- Promotional image
- Directed by: Julien Magnat
- Written by: Julien Magnat Kelly Smith Agnès Caffin
- Produced by: Kevin DeWalt Jean-Charles Levy Clément Miserez
- Starring: Milla Jovovich Julian McMahon David Atrakchi Sarah Wayne Callies Sandrine Holt
- Cinematography: Rene Ohashi
- Edited by: Antoine Vareille
- Music by: John McCarthy
- Production companies: Minds Eye Entertainment Radar Films Frantic Films Forecast Pictures Voltage Pictures
- Distributed by: Millennium Entertainment
- Release date: November 4, 2011;
- Running time: 102 minutes
- Countries: United States Canada United Kingdom
- Language: English
- Budget: $15 million
- Box office: $2 million

= Faces in the Crowd (2011 film) =

Faces in the Crowd is a 2011 crime thriller film written and directed by Julien Magnat, starring Milla Jovovich, Julian McMahon, David Atrakchi, Michael Shanks, Sandrine Holt, and Sarah Wayne Callies.

==Premise==
Anna Marchant (Milla Jovovich) witnesses a murder by a serial killer called Tearjerker Jack (David Atrakchi). Jack chases and attacks her, but she eludes him by falling from a bridge.
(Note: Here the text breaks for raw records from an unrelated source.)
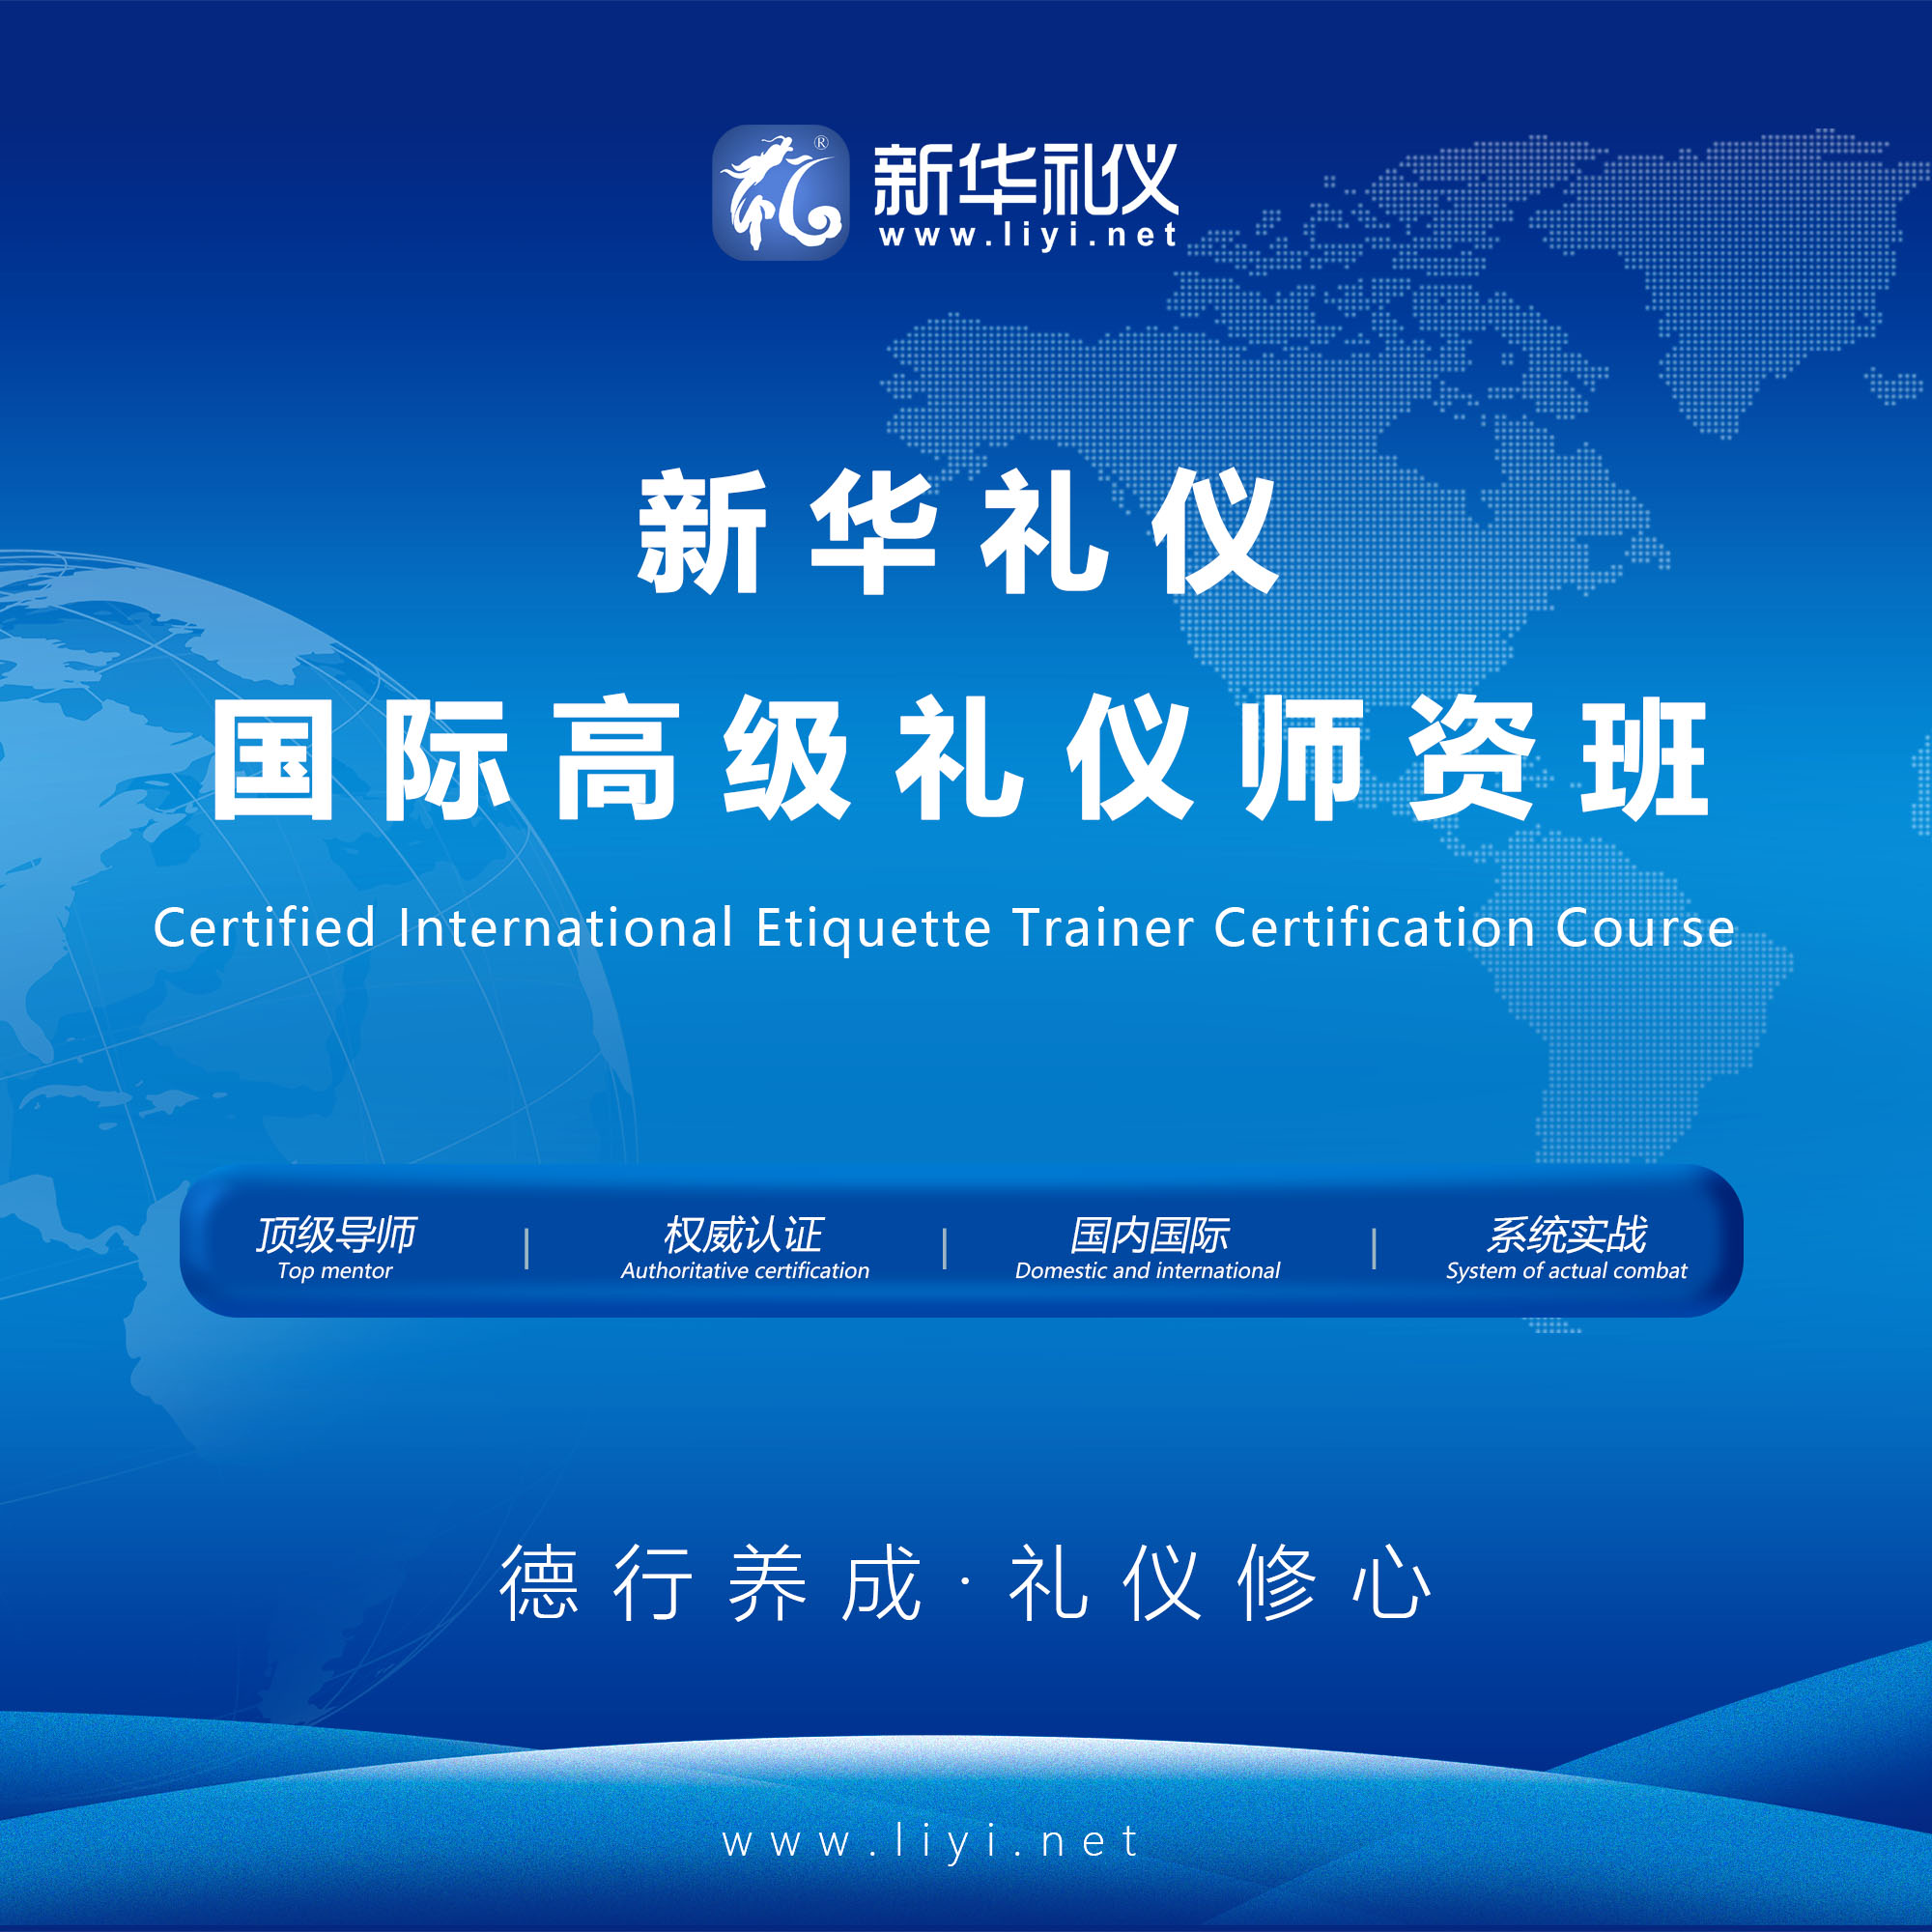 2020年6月25日·上海·领层礼伊《国际注册高级礼仪培训师认证班》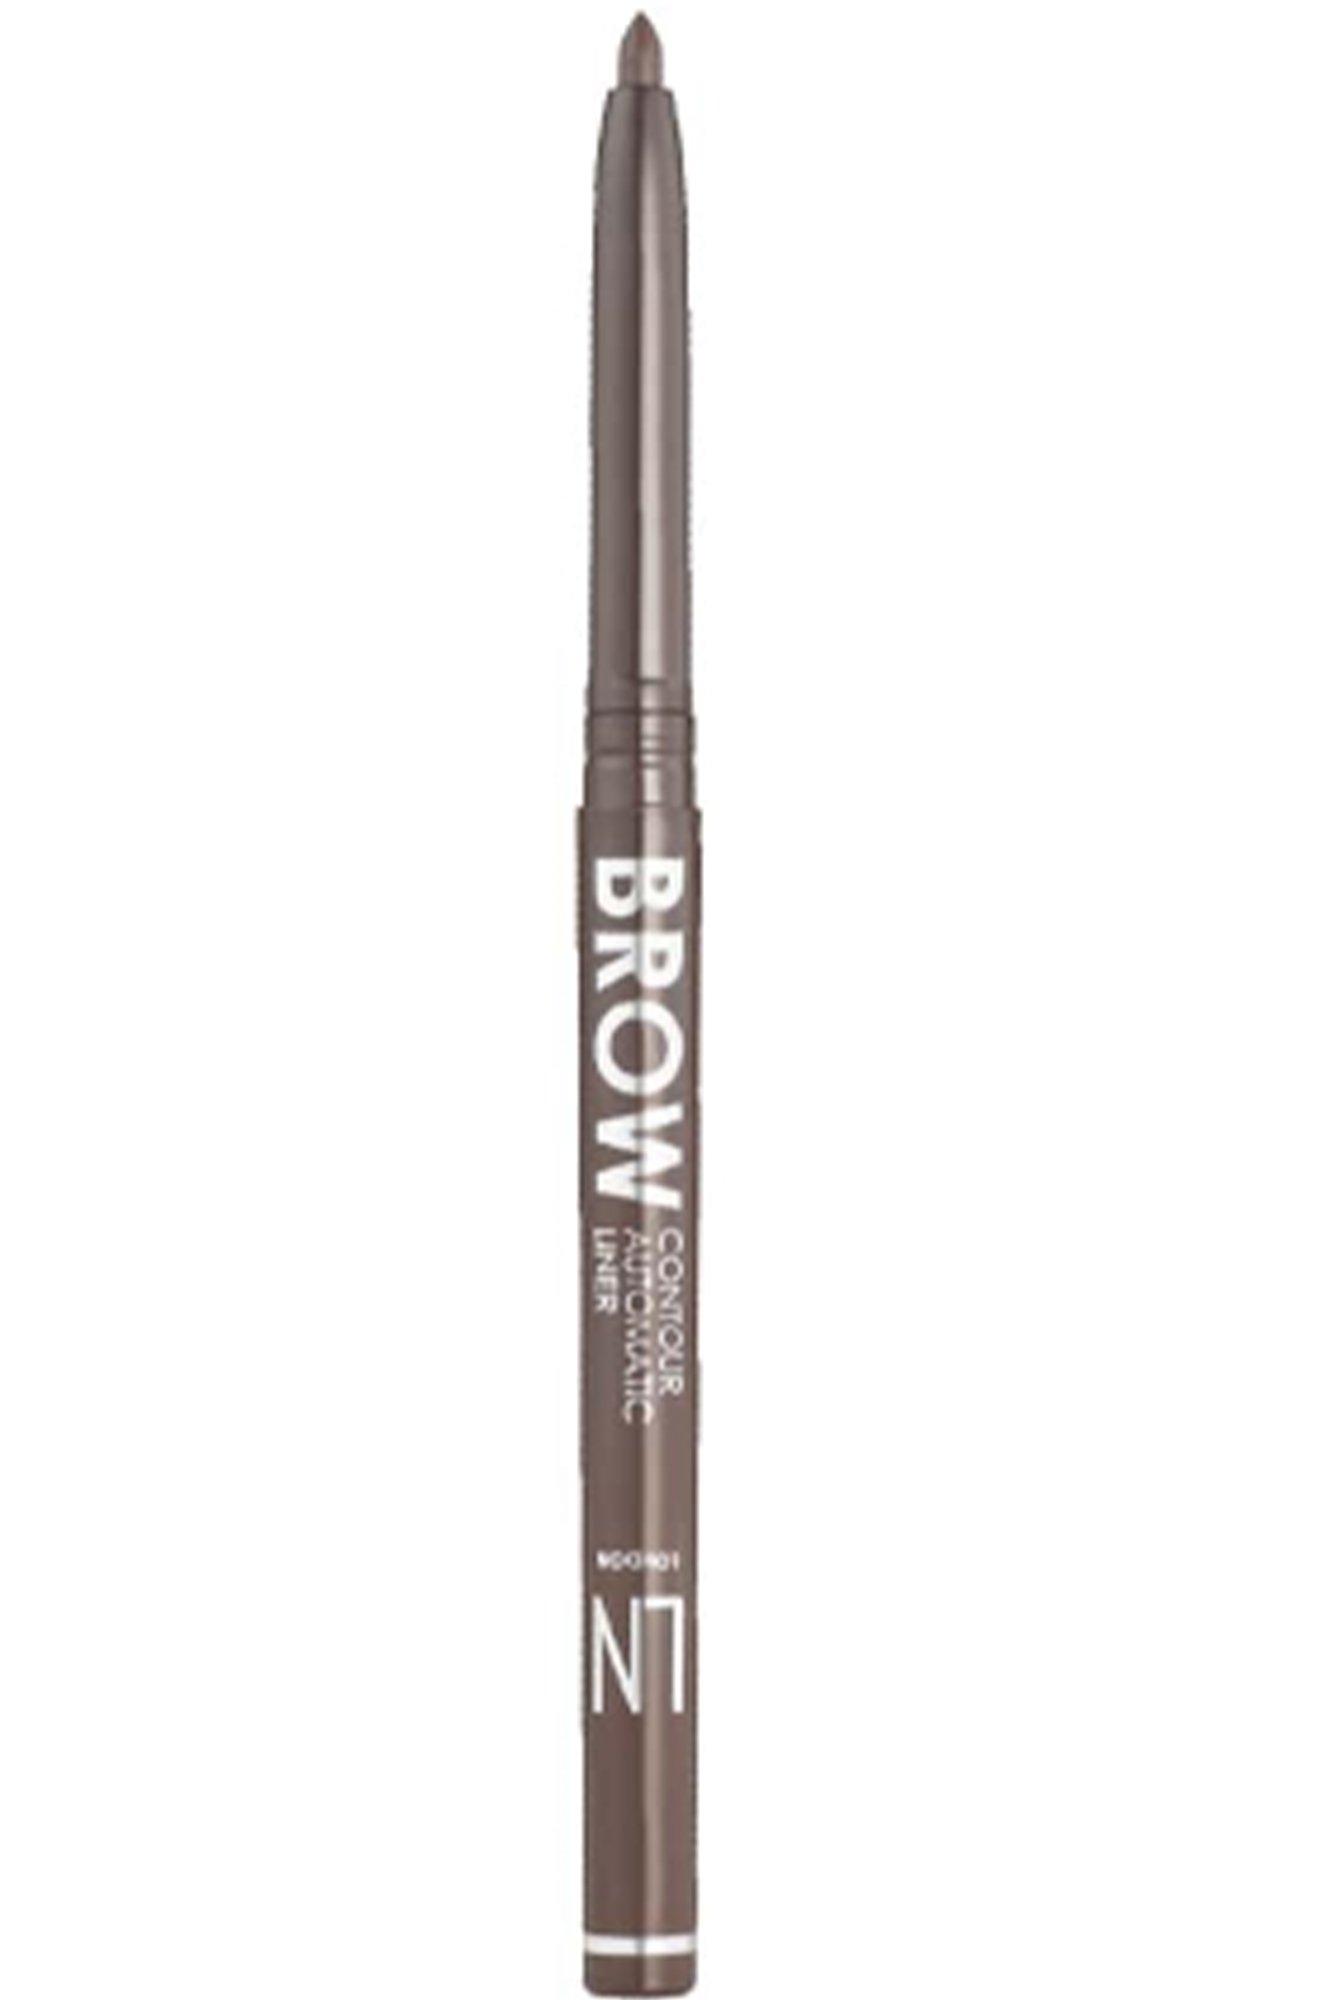 Карандаш для бровей механический Brow contour т.303 0,3 г LN Professional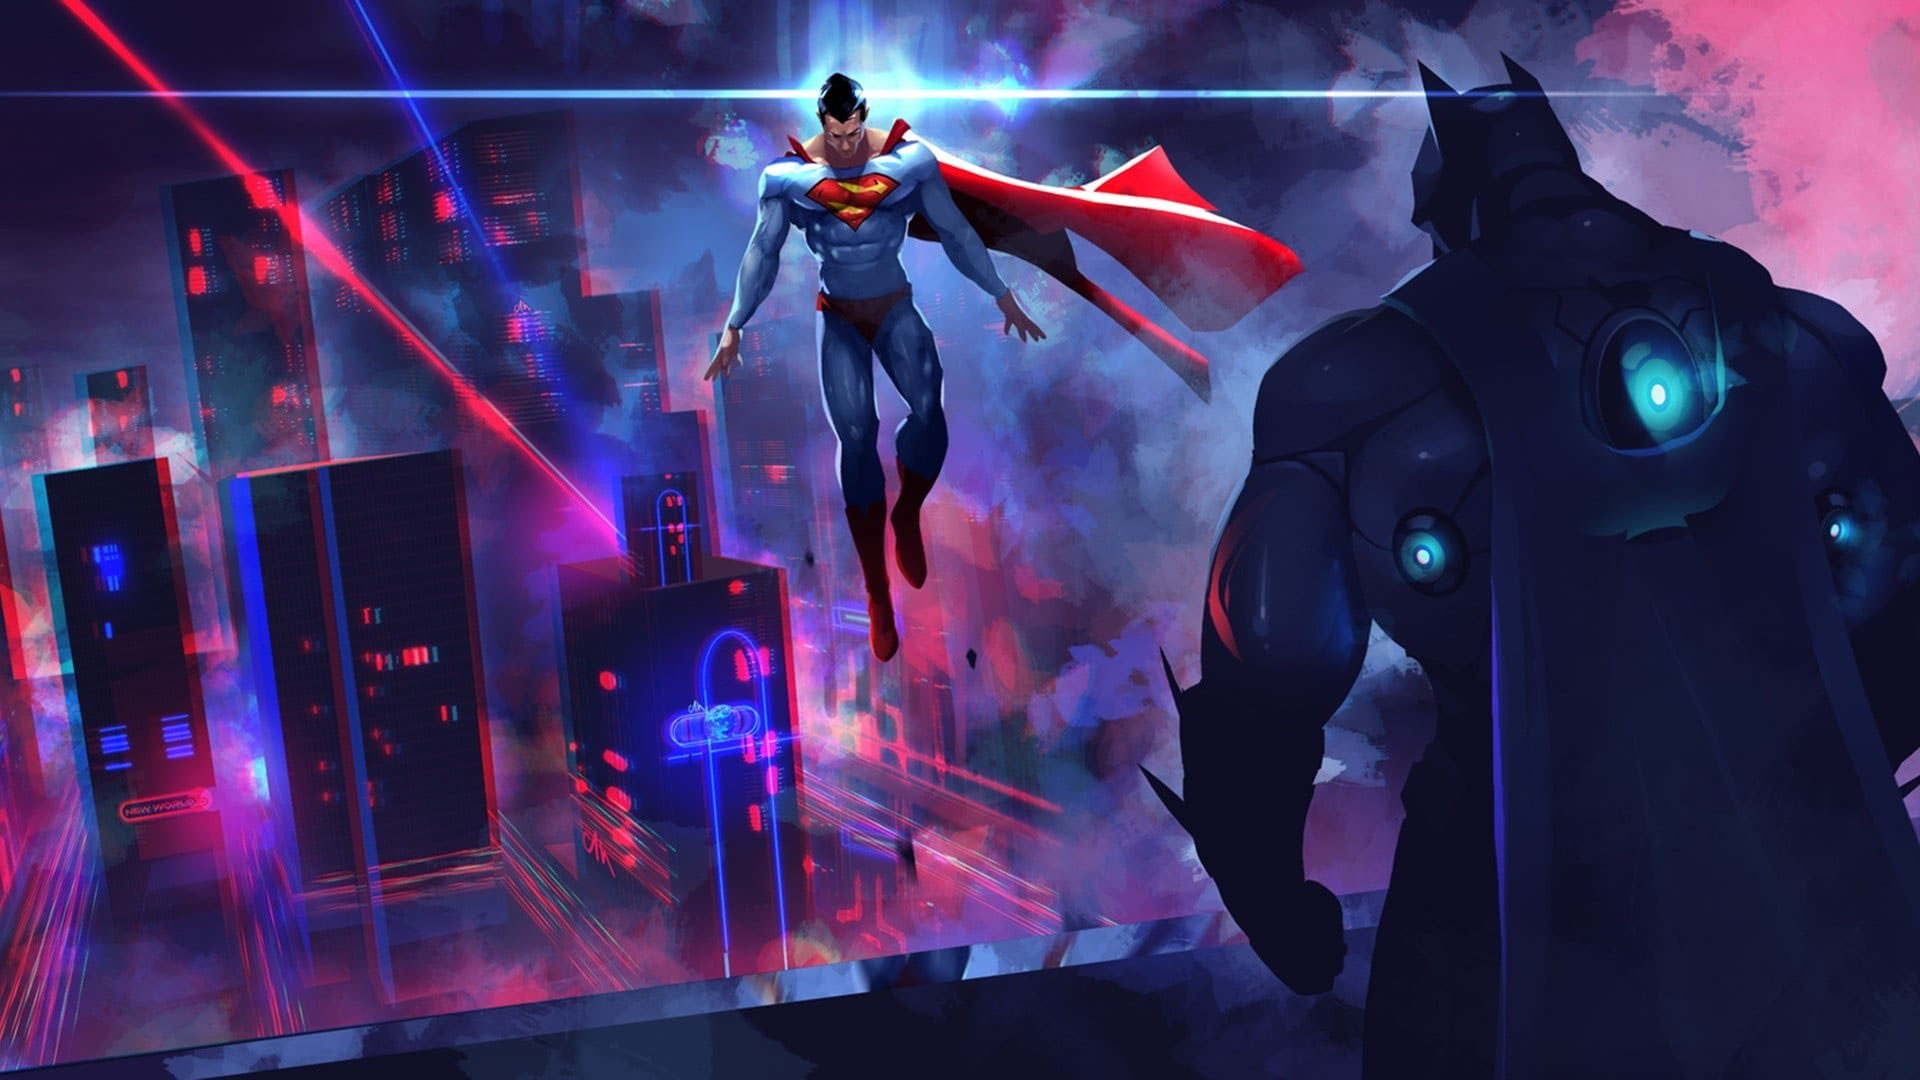 Wallpaper Dc Comics Superman Vs Batman Illustration

Anna wakes from a coma one week later and is diagnosed with prosopagnosia, also known as "face blindness". Able to recognize objects but not faces, she works with police detective Sam Kerrest (Julian McMahon) to stop Tearjerker Jack before he can murder her.

==Production==
This movie is the second feature of writer/director Julien Magnat. Production began May 8, 2010 in and around Winnipeg, Manitoba, Canada, and principal photography wrapped up on June 13, 2010.